Feature selection in credit scoring- a quadratic programming approach solving with bisection method based on Tabu search
MetadataShow full item record
Credit risk is one of the most important topics in the risk management. Meanwhile, it is the major risk of banks and financial institutions encountered as claimed by the Basel capital accord. As a form of credit risk measurement, credit scoring is the credit evaluation process to reduce the current and expected risk of a customer being bad credit. The credit scoring models usually use a set of features to predict the credit status, good credit (unlikely to default) and bad credit (more likely to default), of the applicants. However, with the fast growth in the credit industry and facilitation of collecting and storing information due to the new technologies, a huge amount of information on customer is available. Feature selection or subset selection is therefore essential to handle irrelevant, redundant or misleading features in order to improve predictive (classification) accuracy and reduce high complexity, intensive computation, and instability for most credit scoring models.
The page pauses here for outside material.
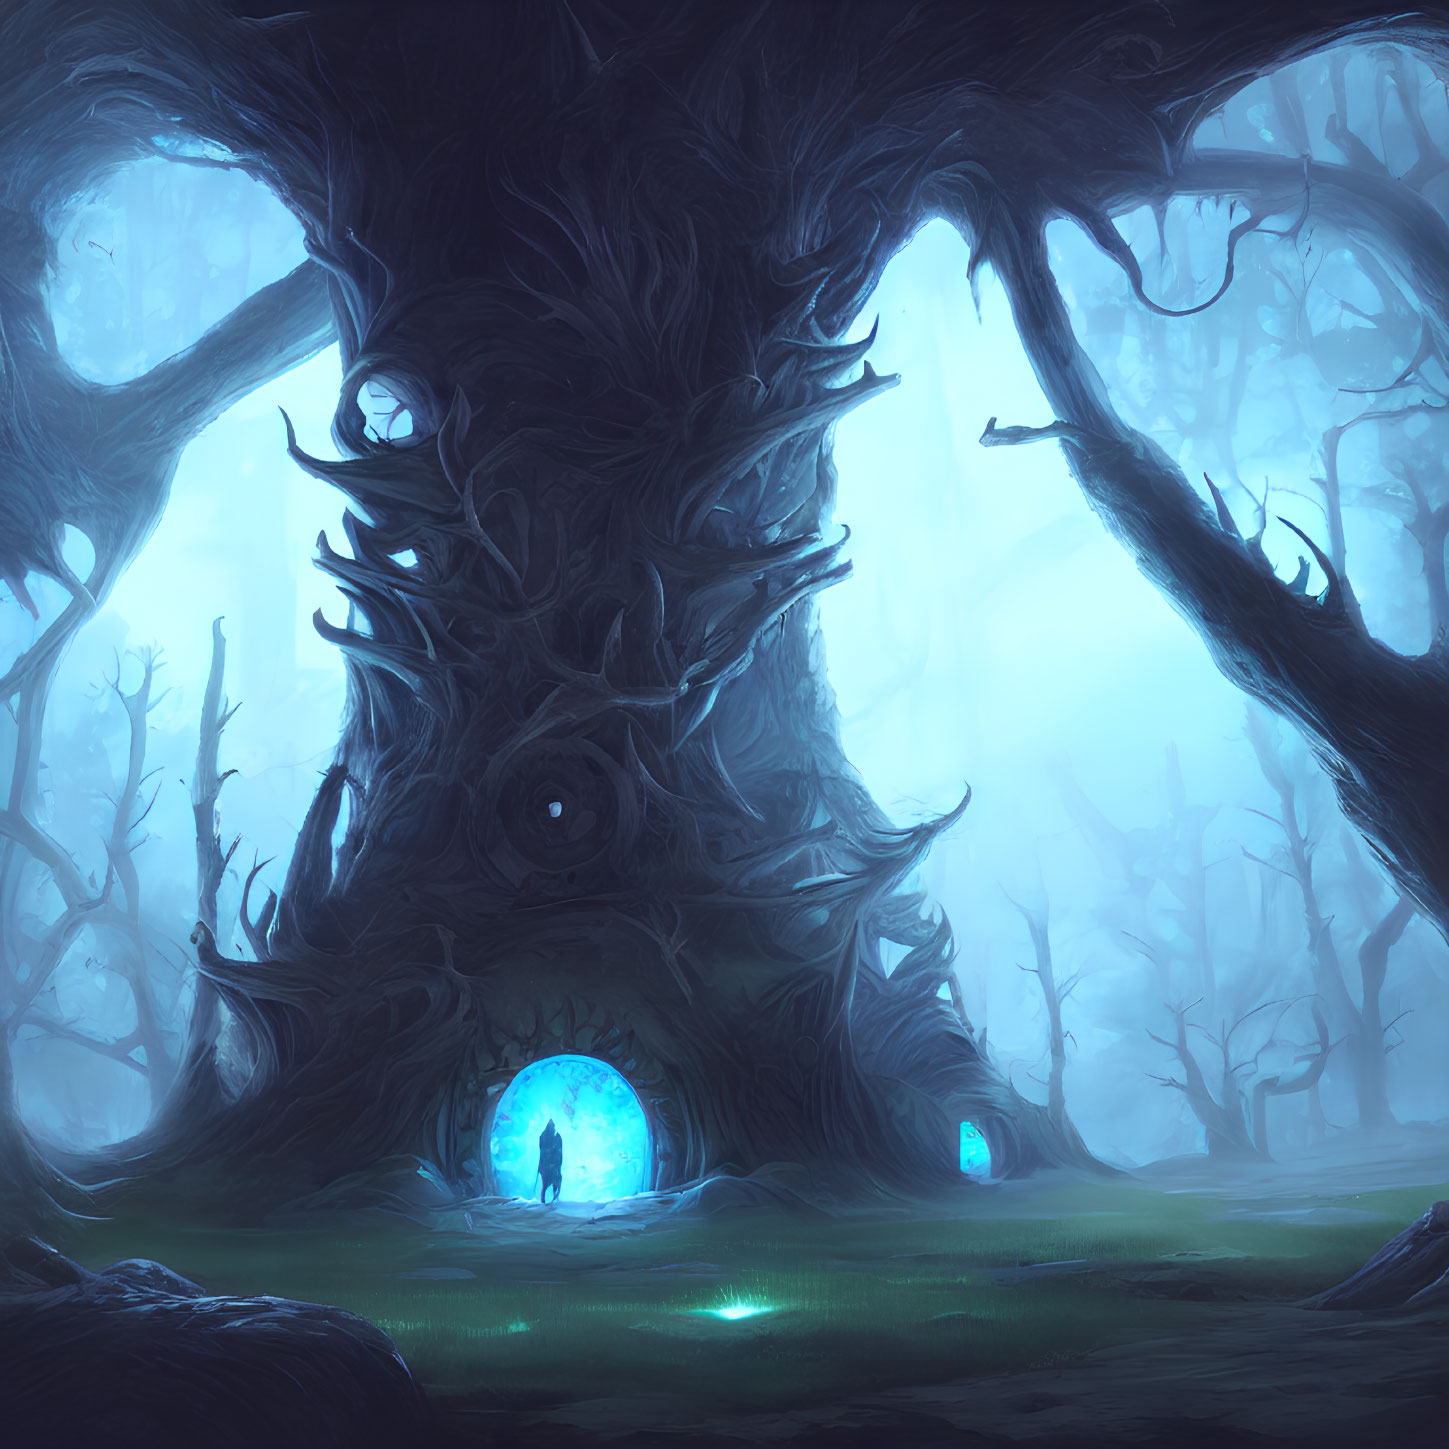 Enormous tree with eye and glowing portals in mystical forest

In this study, a hybrid model is developed for credit scoring problems to predict the classification accuracy based on selected subsets by first establishing a correlation coefficient based binary quadratic programming model for feature selection. The model is then solved with the bisection method based on Tabu search algorithm (BMTS) and provides optional subsets of features in different sizes from which the satisfactory subsets for credit scoring models are selected based on both the size and overall classification accuracy rate (OCAR). The results of this proposed BMTS+SVM method, tested on two benchmark credit datasets, shed light on the improvement of the existing credit scoring systems with flexibility and robustness. This validated method is then used in an international business context to test the data on the U.S. and Chinese companies in order to find out the subsets of features that act as key factors in distinguishing good credit companies from bad credit companies in these two countries. Finally, The performance of classification models, using different classifiers, in terms of OCAR and misclassification cost is evaluated based on the U.S. and Chinese datasets. Cutoff values which give highest OCAR and minimum misclassification cost is also discussed.